Social network for neighbors Nextdoor raises $18.6M

Faith Merino · July 24, 2012 · Short URL: https://vator.tv/n/2892

The company gets support from Benchmark Capital, DAG Ventures, Greylock Partners and Shasta Ventures

One of the more interesting developments to come out of the rise of social media is the fact that people are networked in totally different ways than in previous generations.  The church group, bowling league, and volunteer club of yesteryear are now Facebook, Twitter, and Pinterest.  The upside of that is that far-flung friends and relatives can stay connected like never before.  The downside is that people don’t know their next-door neighbors anymore.  Nextdoor aims to bridge that gap by being a private social network for neighbors.
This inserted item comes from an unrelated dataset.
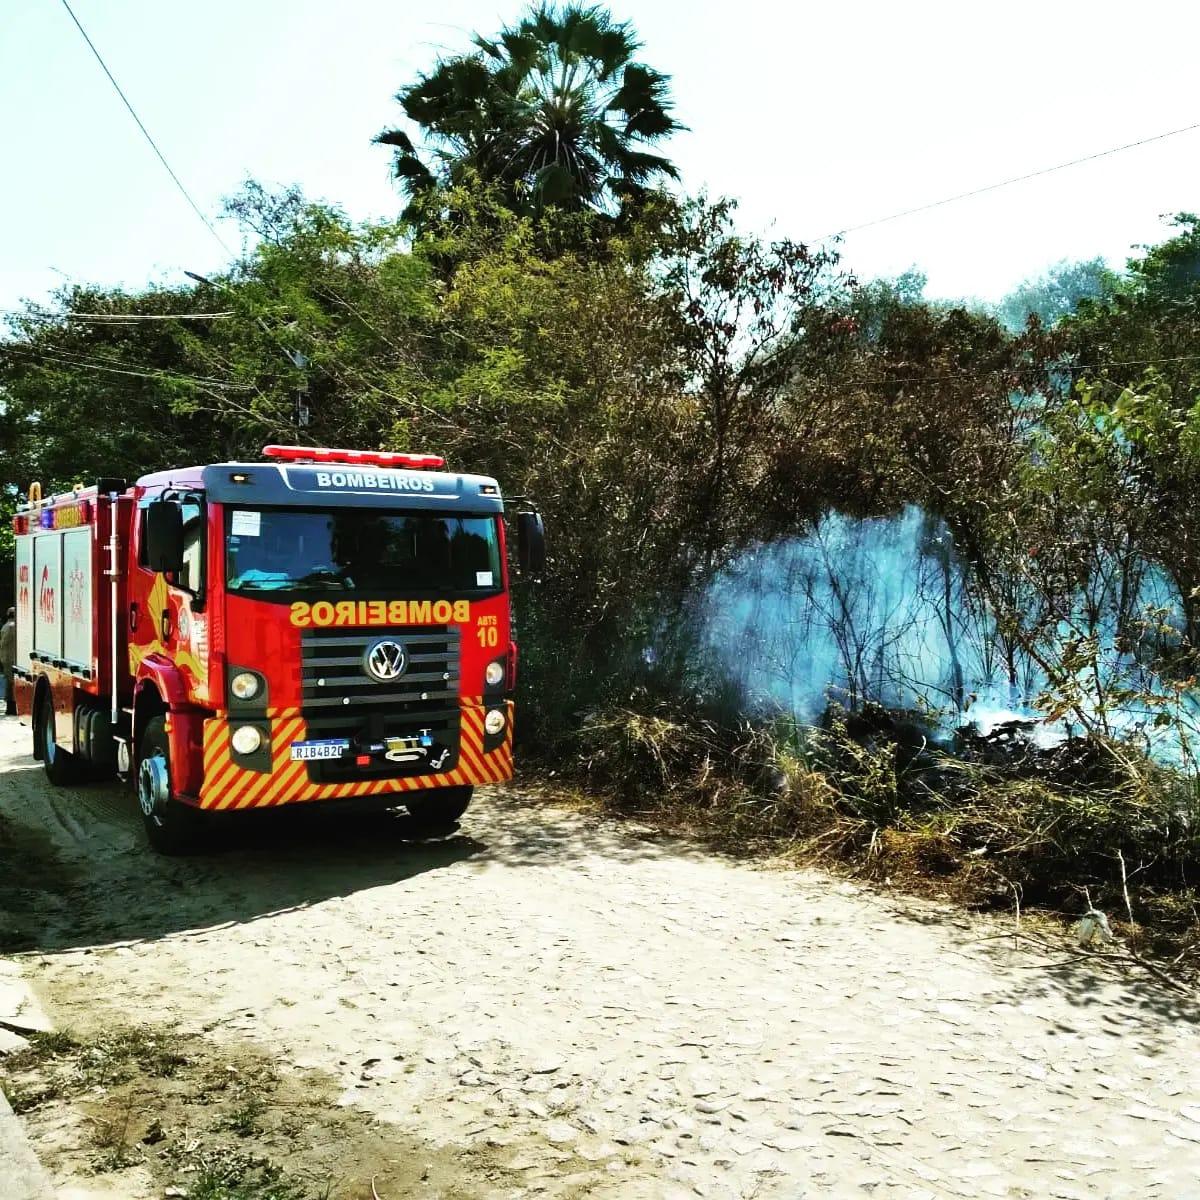 Bombeiros de Maracanaú apagam incêndio em vegetação no Parque Luzardo Viana

Nextdoor announced Tuesday that it has raised $18.6 million from Benchmark Capital, DAG Ventures, Greylock Partners, and Shasta Ventures.  Allen & Company Pinnacle ventures also participated in the round. 

When Nextdoor launched in October 2011, its network already contained 176 neighborhoods in 26 states.  Today, the network includes over 3,600 neighborhoods in 48 states.
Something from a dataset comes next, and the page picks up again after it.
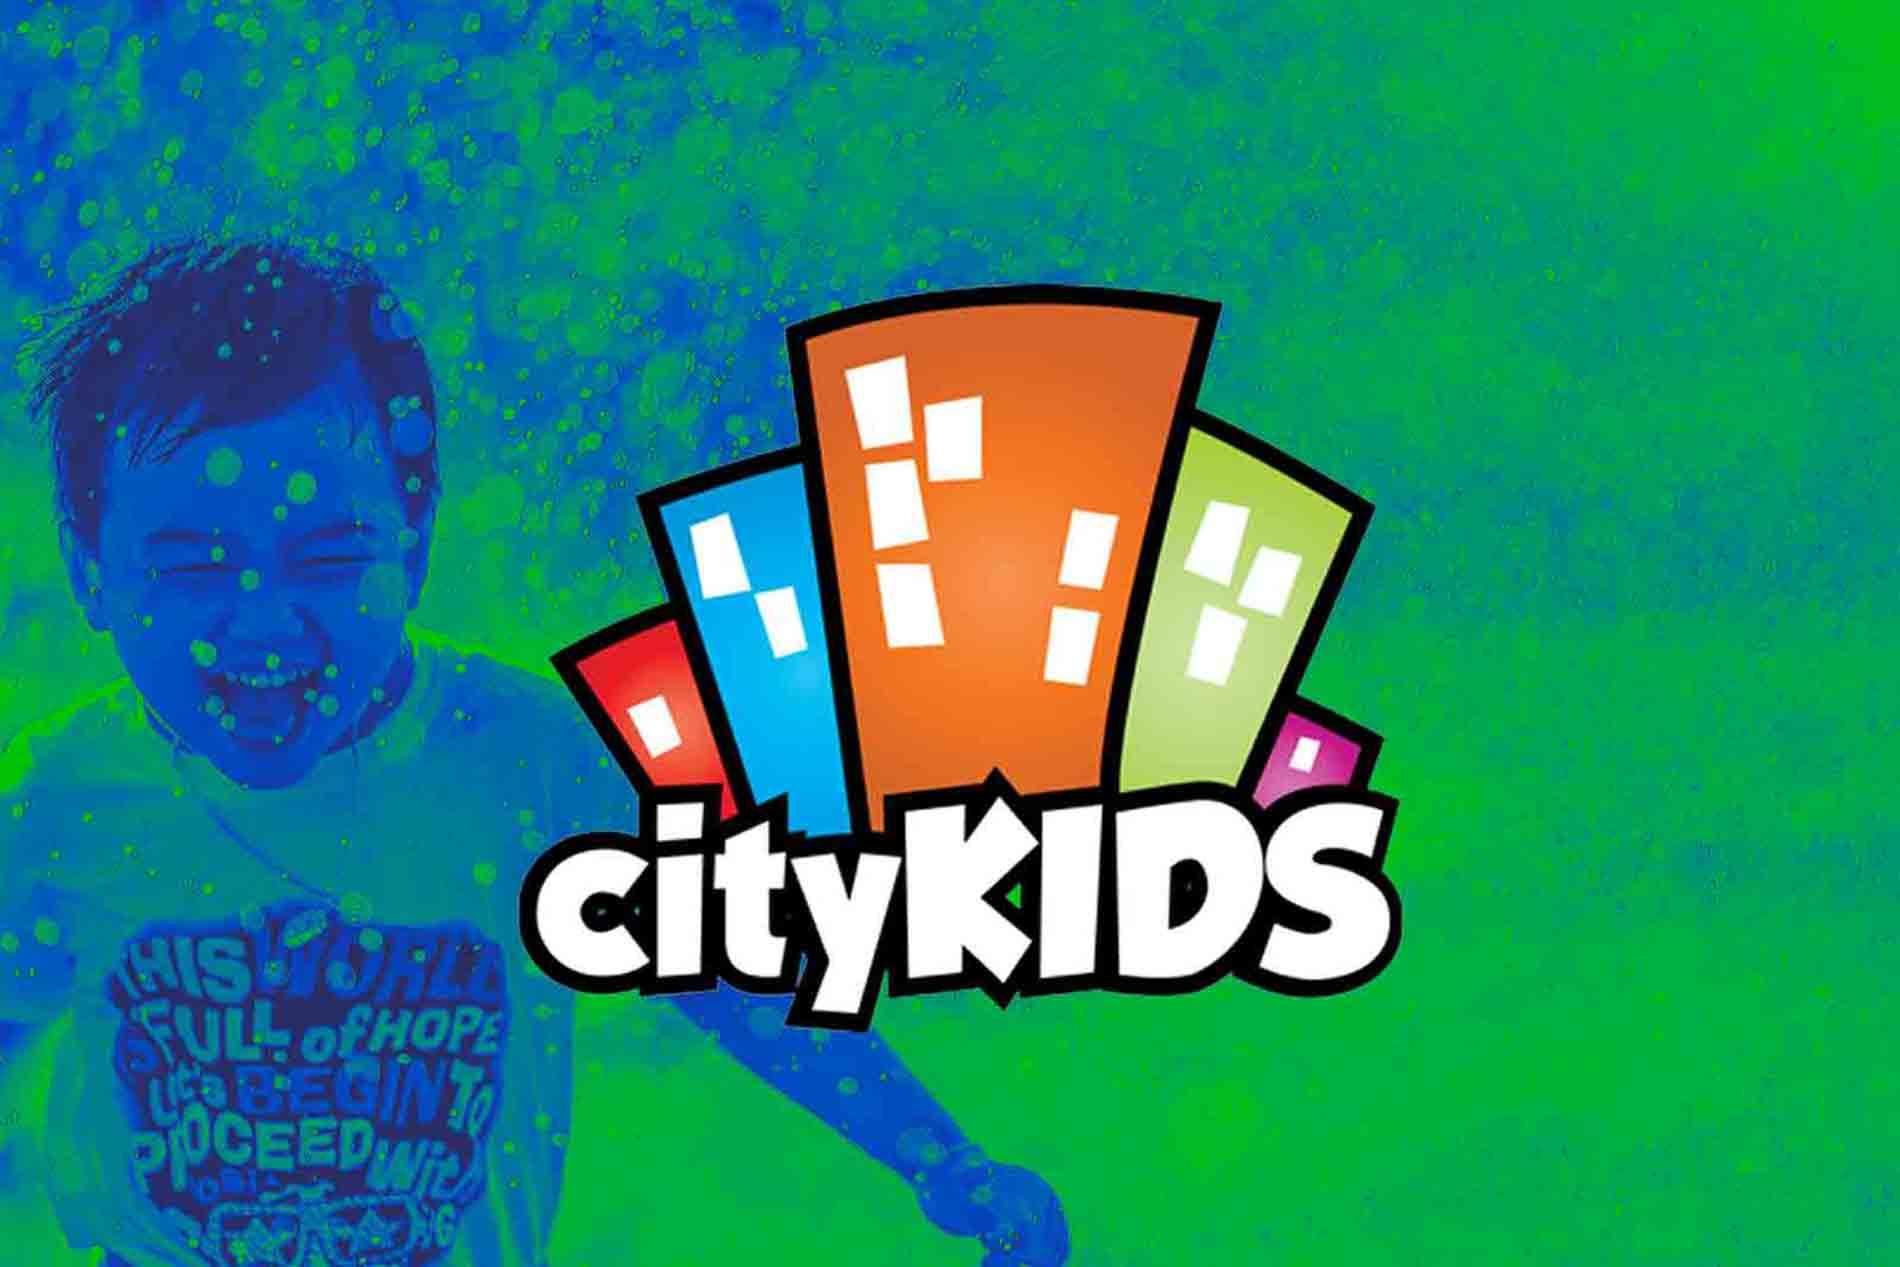 City_Kids_Registration_Form.jpg

To recap, Nextdoor has created a platform that actually solves the puzzle of how to connect with people who may be complete strangers while also keeping the network secure.  First and foremost, anyone who wants to join has to verify their address, which Nextdoor does by either sending the resident a postcard with a special code on it, calling a home phone registered to that address, making a one-time $0.01 charge to a credit card to confirm the person’s billing address, or through a recommendation by a neighbor who’s already on Nextdoor.

Now the tough part: how do you get your neighbors to join if you don’t know them?  Nextdoor has solved that problem in the least weird way imaginable.  If you know your neighbor’s email address, you can invite them to join via email, but if not, you can print out flyers to distribute to all of your neighbors.  Or, if you really want to avoid any weirdness (like when someone opens the front door while you’re putting a flyer in their mailbox…weird), you can actually have Nextdoor send your neighbors a postcard at no cost to you.  I just ordered 100 postcards to be sent to all of my neighbors.

If your neighborhood isn’t on Nextdoor, you can add it and actually define the parameters of your neighborhood on an interactive map that allows you to add or exclude certain houses outside of the immediate boundaries. 

“We continue to be blown away by the response to Nextdoor from neighbors across the country.  My partners and I are true believers in Nextdoor’s opportunity to bring back a sense of community to the neighborhood,” said Bill Gurley of Benchmark Capital.

Indeed, Nextdoor has a surprisingly rapid adoption rate.  In one case, a neighborhood in Menlo Park started out with only one user, and within six months, almost the entire neighborhood had joined (all but four holdouts out of a total of some 80 households).

The company isn't releasing user numbers, but CEO Niral Tolia tells me that the site is adding 22 new neighborhood websites each day.

"We have Nextdoor websites in rural, suburban, and urban areas," says Tolia.  "We have been amazed at how well Nextdoor has worked in all sorts of neighborhoods: wealthy and not so wealthy, large and small, with young people and old. Our users are pretty evenly spread across the U.S., but so far we do see a pattern between where we are growing quickly and larger populations."

Nextdoor plans to use the new funds from this round to ramp up both domestic and international expansion.  The company estimates that there are some 200,000 neighborhoods in the U.S., and reaching every single one of them may require some new hires.